Sir, my parents are gentle, law-abiding, tax-paying senior citizens. My mother is 66 years old and my father will soon be 70. What harm could they have possibly done if they had been given access to the 'VIP Lounge'? Do just glance once again at the photograph: do they look dangerous to you? Moreover, your airport official confirmed that no VIP was even expected on that day or the next! Then why this discrimination based on so-called status and class perceptions? Shouldn't at least senior citizens, the differently-abled and pregnant women all be treated as 'VIP' citizens? Truth is it is this 'VIP culture' which failed her.
And that's not all. Helpless, we proceeded and as per rules, our personal wheelchair had to be checked in. Soon, your Air India staffer brought one that belonged to the airport. A rickety wheelchair with a broken handle.
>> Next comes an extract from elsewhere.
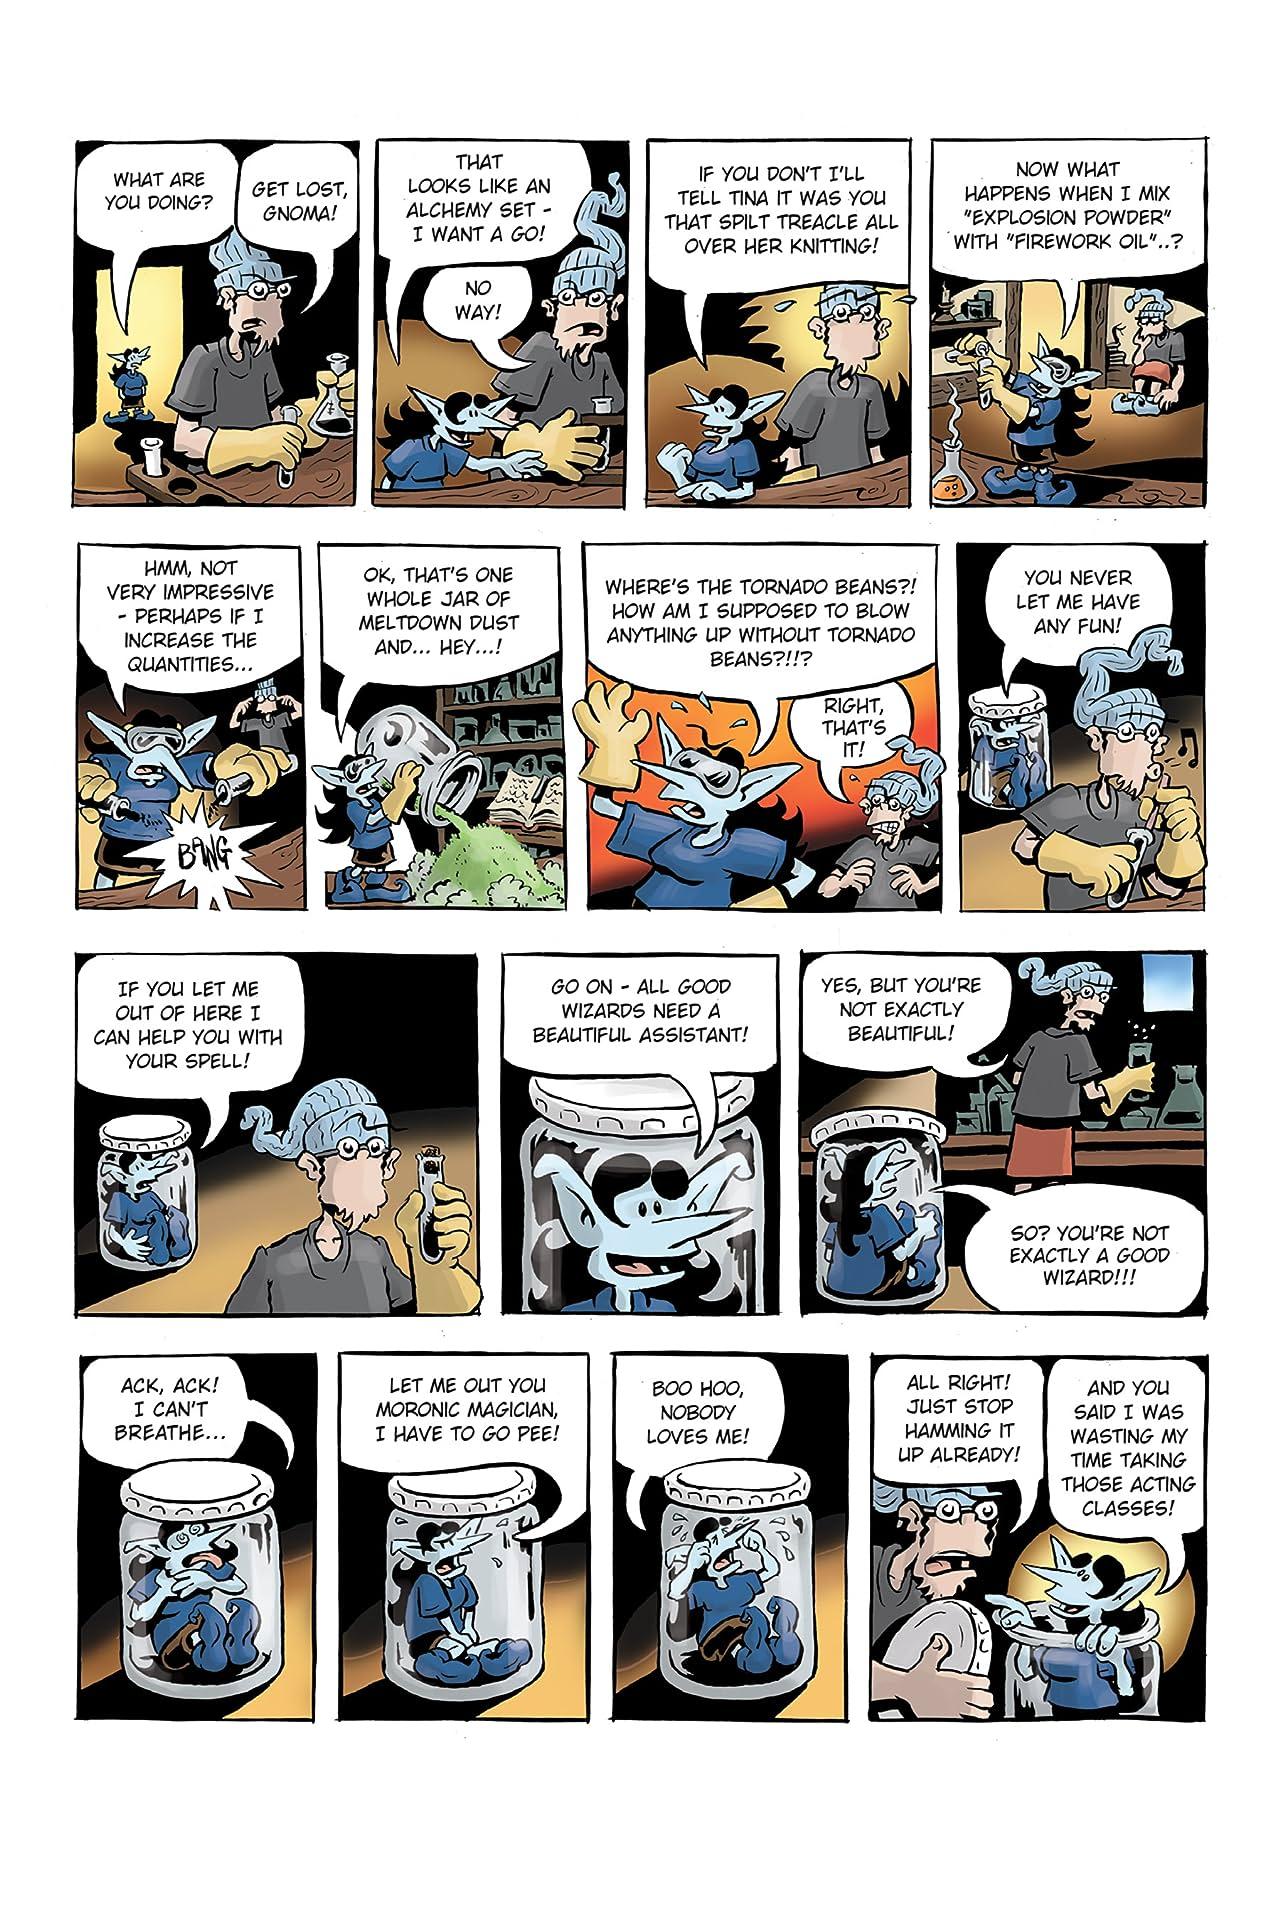 Pewfell Vol. 4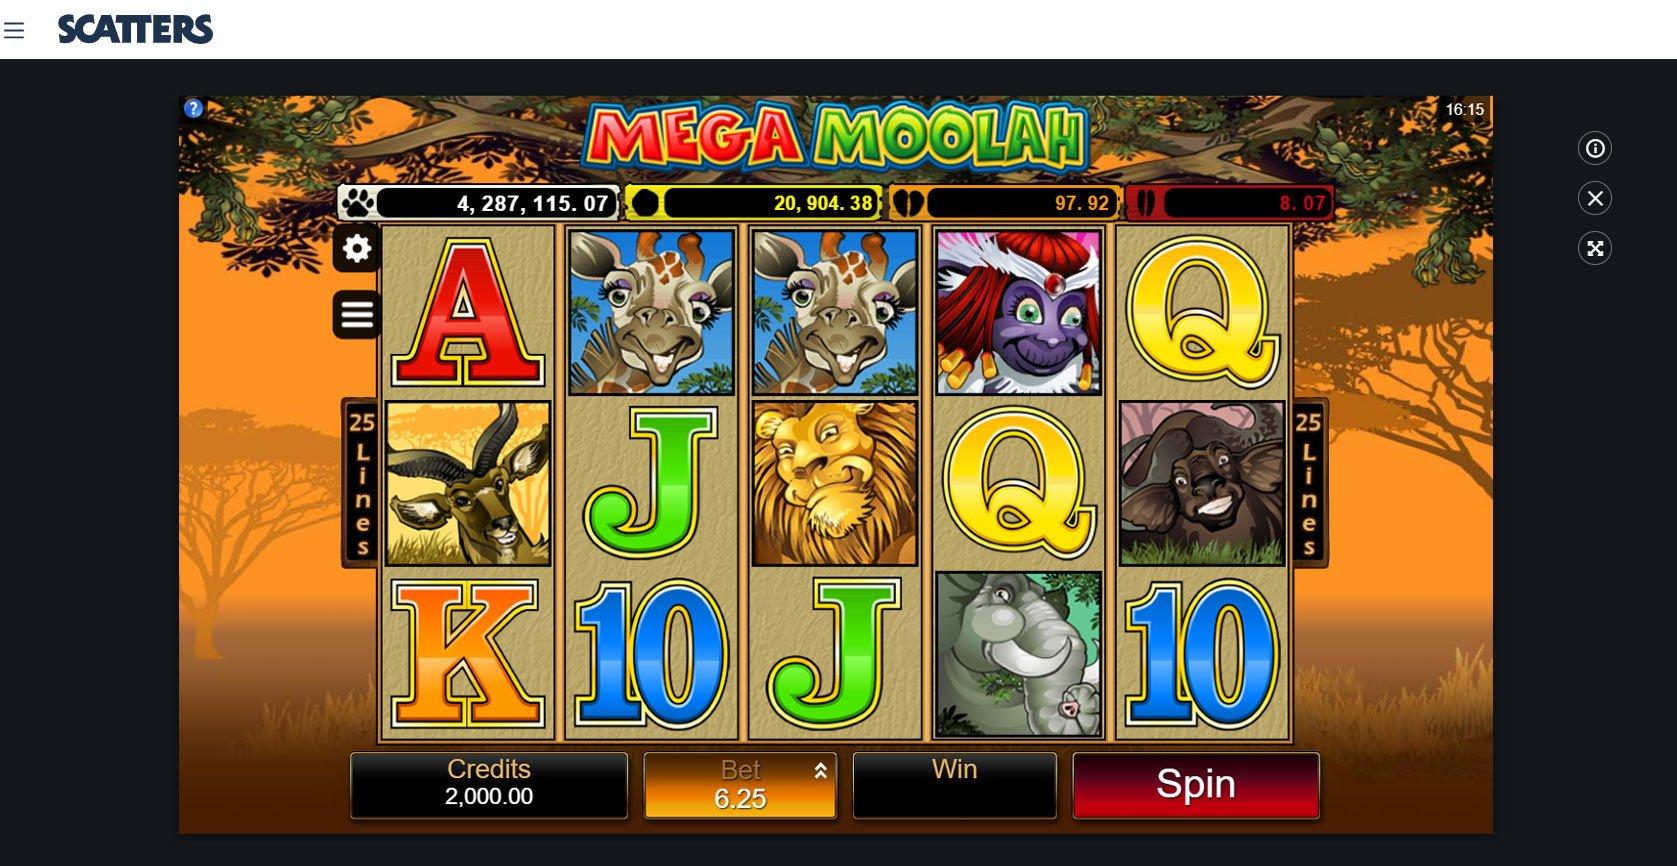 Mega Moolah Jackpot - Scatters Slots Casino

So, a replacement wheelchair arrived after we complained - one that's much smaller and is used to ferry people inside the narrow aisle of the aircraft.
Just imagine: a 66-year-old ailing senior citizen who struggles to even sit properly had to squeeze into that tiny wheelchair from 1 pm to 3.45 pm. For 2 hours and 45 minutes, she was in even more discomfort. Whereas she could have comfortably sat on one of the many sofas of that barely-used 'VIP Lounge'. I assure you she would not have demanded anything. No, Sir, she doesn't drink. Nor would she have asked for free cashew nuts to kill time. But it is this 'VIP culture' which failed her.
Also, because of her disability people stare at her. It makes her nervous and that hurts her already low self-esteem. But certainly, access to that 'VIP Lounge' would have given her some dignified privacy. But again, it is this 'VIP culture' which failed her.